> _The input_
+---+
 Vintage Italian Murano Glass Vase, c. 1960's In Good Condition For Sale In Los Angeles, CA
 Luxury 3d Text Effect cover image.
+---+
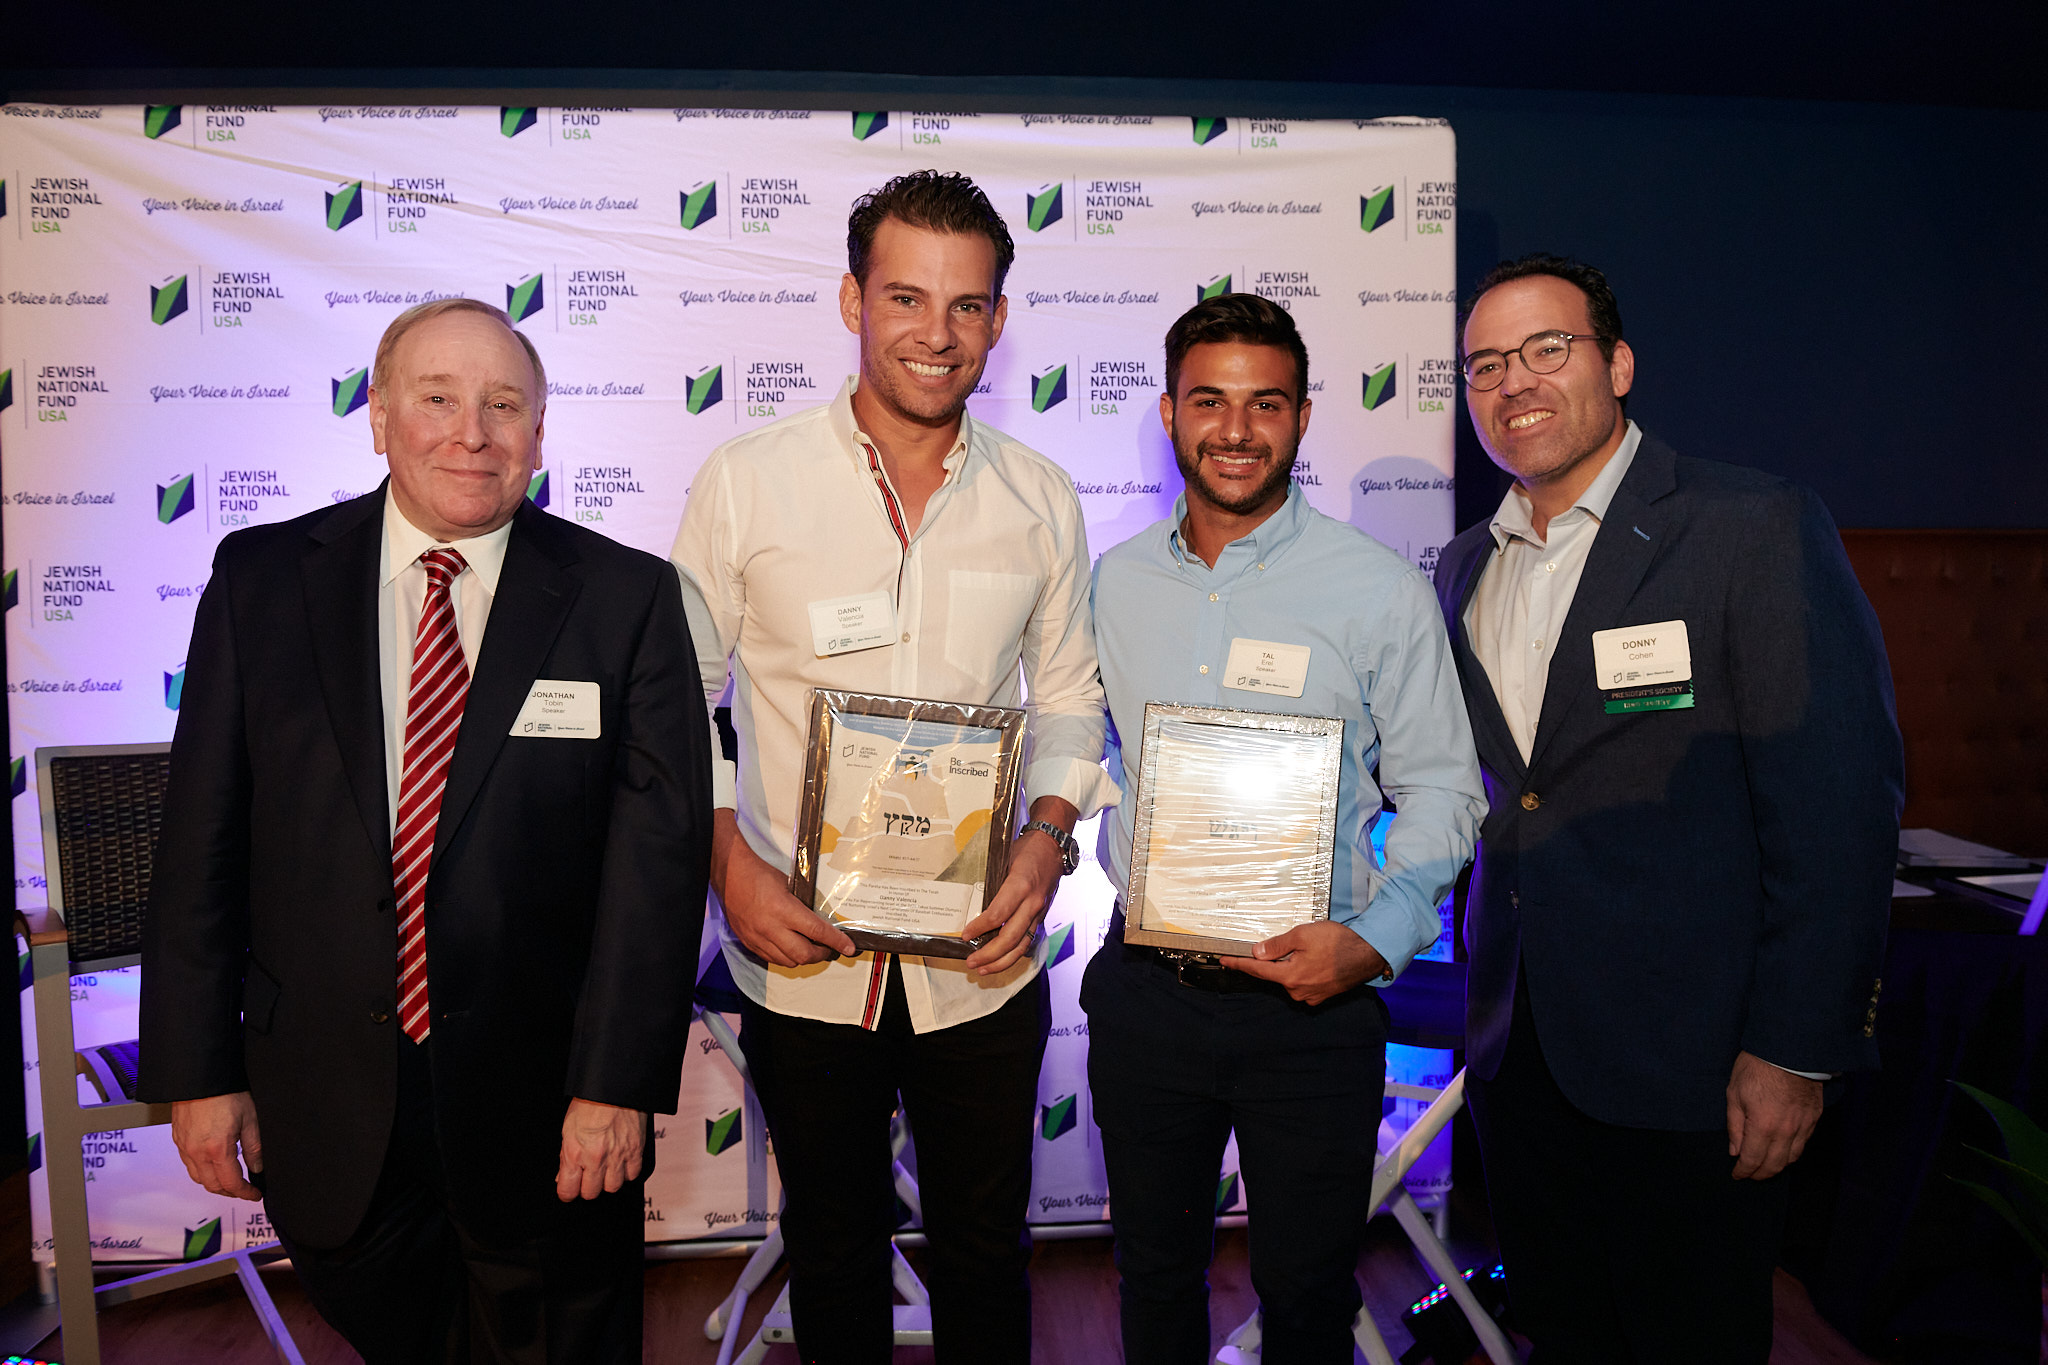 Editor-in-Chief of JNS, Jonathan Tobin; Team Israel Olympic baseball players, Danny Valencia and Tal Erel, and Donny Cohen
+---+
> _Directions for this task_
Look above for the line containing "Vintage Italian Murano" and the line containing "Luxury 3d Text Effect cover image.". Transcribe both, with the lines between them, exactly.

> _Solution to the problem_
 Vintage Italian Murano Glass Vase, c. 1960's In Good Condition For Sale In Los Angeles, CA
 Luxury 3d Text Effect cover image.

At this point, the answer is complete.